The observed phenotypic plasticity of many marine calcifying organisms in relation to environmental parameters makes them potentially ideal models for studying such plastic responses and associated trade-offs in the face of global climate change.

The clam Chamelea gallina (Linnaeus 1758) is a common infaunal bivalve of the Mediterranean Sea, where it inhabits well-sorted fine sand biocoenosis at 3–7 m depth and has a considerable economical relevance for fishery24,25. In the 1970s the development of clam fisheries based on hydraulic dredges led to an over-exploitation of the resource with a dramatic decrease in clam population density associated with a reduction in the number of clams over 25 mm long, the minimum legal marketable size, although the maximum length recorded for this species is about 50 mm24. In Italy, in the late 1970s the fishery yielded 80,000-100,000 metric tons, however currently it does not exceed 20,000 metric tons26. Recently, there is growing concern for the survival of bivalve communities because large inter-annual fluctuations in stock abundance, periodic recruitment failure and irregular mortality events threaten the biological and economic sustainability of this fishery, especially in the Adriatic Sea25,26. Thus, studies on this species are of critical importance for developing appropriate management strategies for one of the most important economic sectors of southern EU countries. The Food and Agriculture Organization of the United Nations (FAO) reports a mean annual total catch of about 60,000 tons (2004–2013) in the Atlantic, Mediterranean and Black Sea, with the largest catches in Italy (22,000 tons) and Turkey (33,000 tons).

Several studies demonstrated that changes in abiotic environmental factors, such as temperature, salinity and oxygen strongly influence immune parameters of C. gallina, making it more susceptible to infection and diseases27.Water temperature has a dominant role also in shell growth of C. gallina25,28. Temperatures below 10 °C strongly slow or inhibit shell growth, whereas values above 28 °C reduce energy absorption and increase energy expenditure via respiration, thus suppressing shell growth25,28. Calcification of C. gallina seems to be related to temperature and food conditions, showing widely spaced growth bands during winter-spring, while narrow growth increments are deposited in summer-autumn25.

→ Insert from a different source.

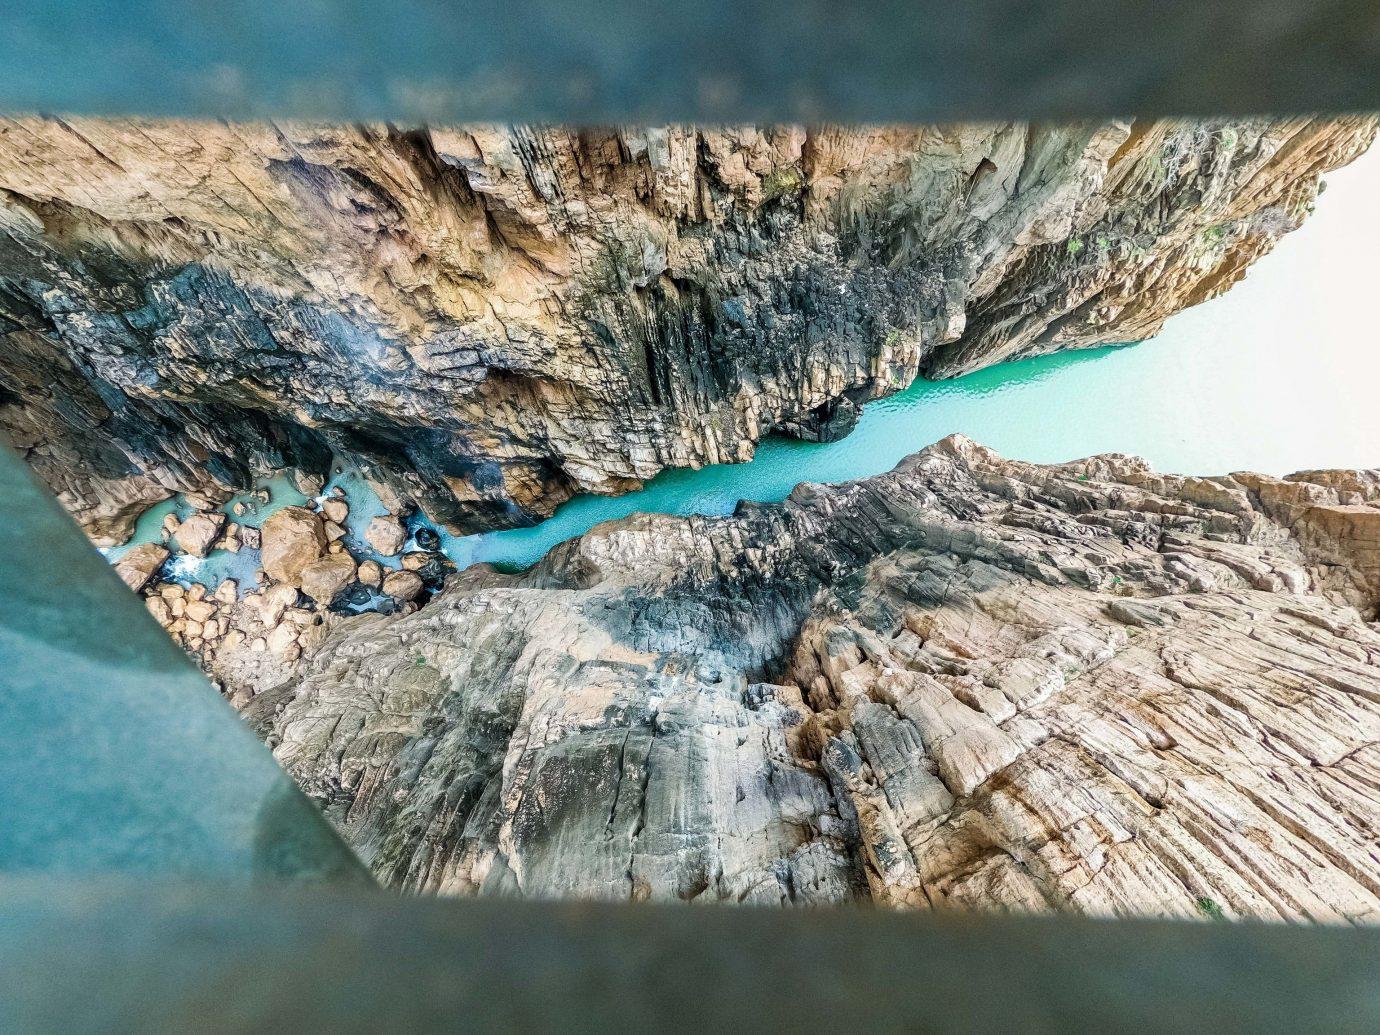 europe Outdoors + Adventure Trip Ideas rock Sea cliff formation water terrain geology Coast escarpment outcrop sky fault bedrock klippe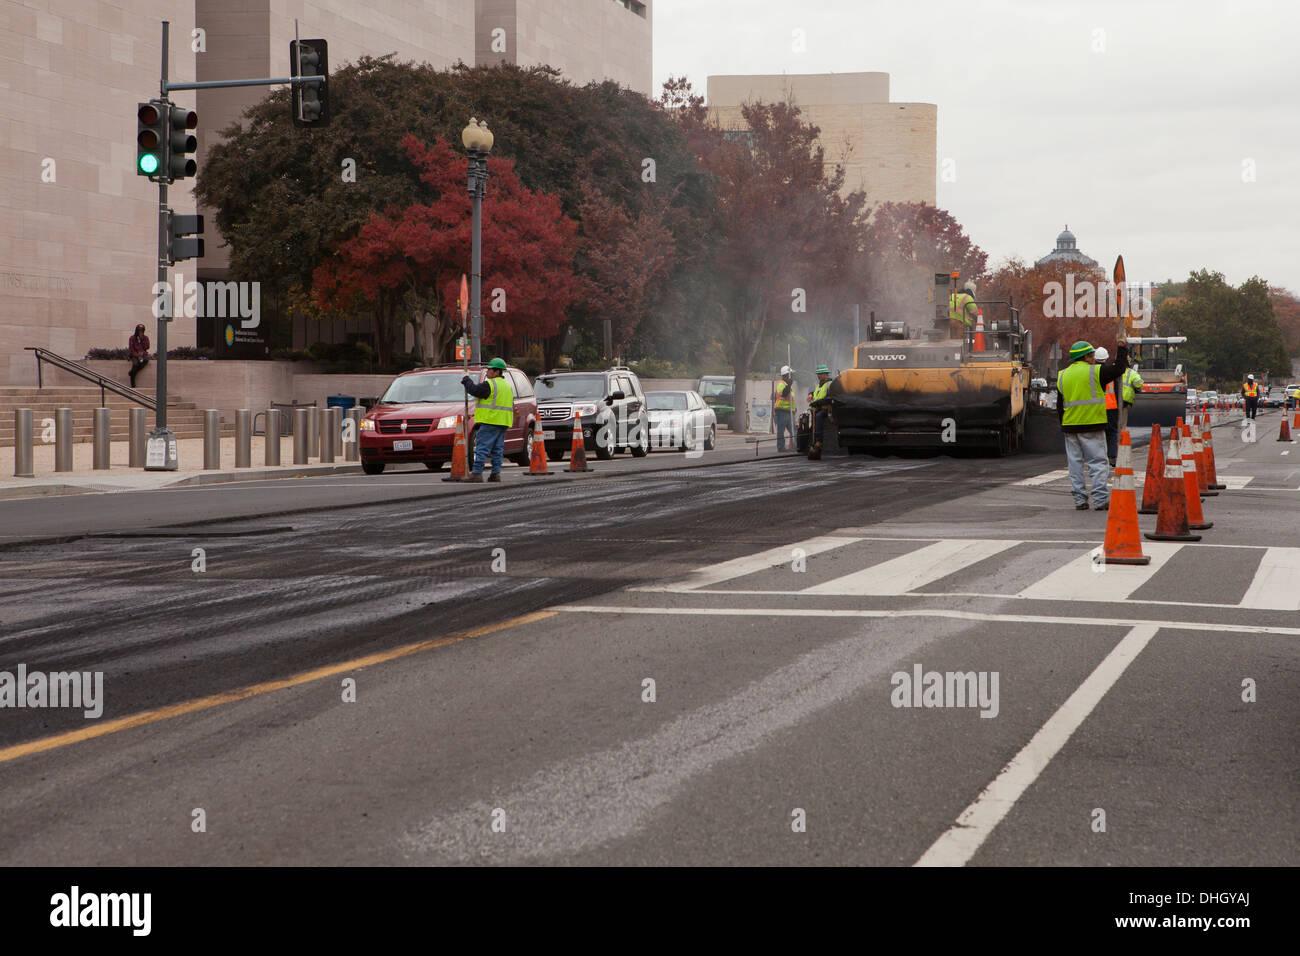 Asphalt road resurfacing crew at work - Washington, DC USA - Stock Image

Several studies have been reported on variations of shell biometry in response to environmental parameters6,19,20,22,29, however few studies comparatively analyzed shell features at the micro and nanoscale level along environmental gradients30,31,32,33. The present study aimed to investigate the phenotypic response to the environment of shell features of C. gallina at different scales of observation, in six populations along a latitudinal gradient.

Results

Environmental parameters

SR and SST both varied among sites (Kruskal–Wallis test, df = 5, and p < 0.001; Table 1) and correlated negatively with latitude (Supplementary Fig. S1). The Monfalcone site, located in the Gulf of Trieste, has a higher SST than typically expected for this latitude34.

Table 1: Environmental parameters.

Shell biometric parameters

Clam biometric parameters (length, height, width, mass, volume, micro-density, bulk density and apparent porosity) were homogeneous between left and right valves, thus data from both valves were pooled for following analyses. Since only clams of commercial size (25–30 mm) were considered in this study, shell length was homogeneous among populations (Table 2). Shell macroscale biometric data, height, width, mass and volume (with the exception of length), bulk density and apparent porosity were significantly different among sites, thus correlations analyses between SR or SST and clam parameters were performed (Tables 2 and 3; Figs 1 and 2). Micro-density did not differ among sites (Table 3). Width, mass, volume, correlated negatively with SR and SST, while shell height correlated only with SR (Fig. 1). Bulk density and apparent porosity correlated negatively and positively, respectively, with both SR and SST (Fig. 2). All parameters were more highly correlated with SR than with SST (Figs 1 and 2). Differences found in C. gallina shells among populations were related to tri-dimensional shell biometric parameters (height, width, mass, volume, bulk density and apparent porosity). To check if differences at bi-dimensional level occurred among populations, the bi-dimensional shell shape parameters (perimeter, area, aspect ratio, solidity, circularity and roundness), in addition with length and height, were analysed using multivariate statistical analysis (PCA). No differences were found among populations (see Supplementary Information; Supplementary Fig. S2a,b).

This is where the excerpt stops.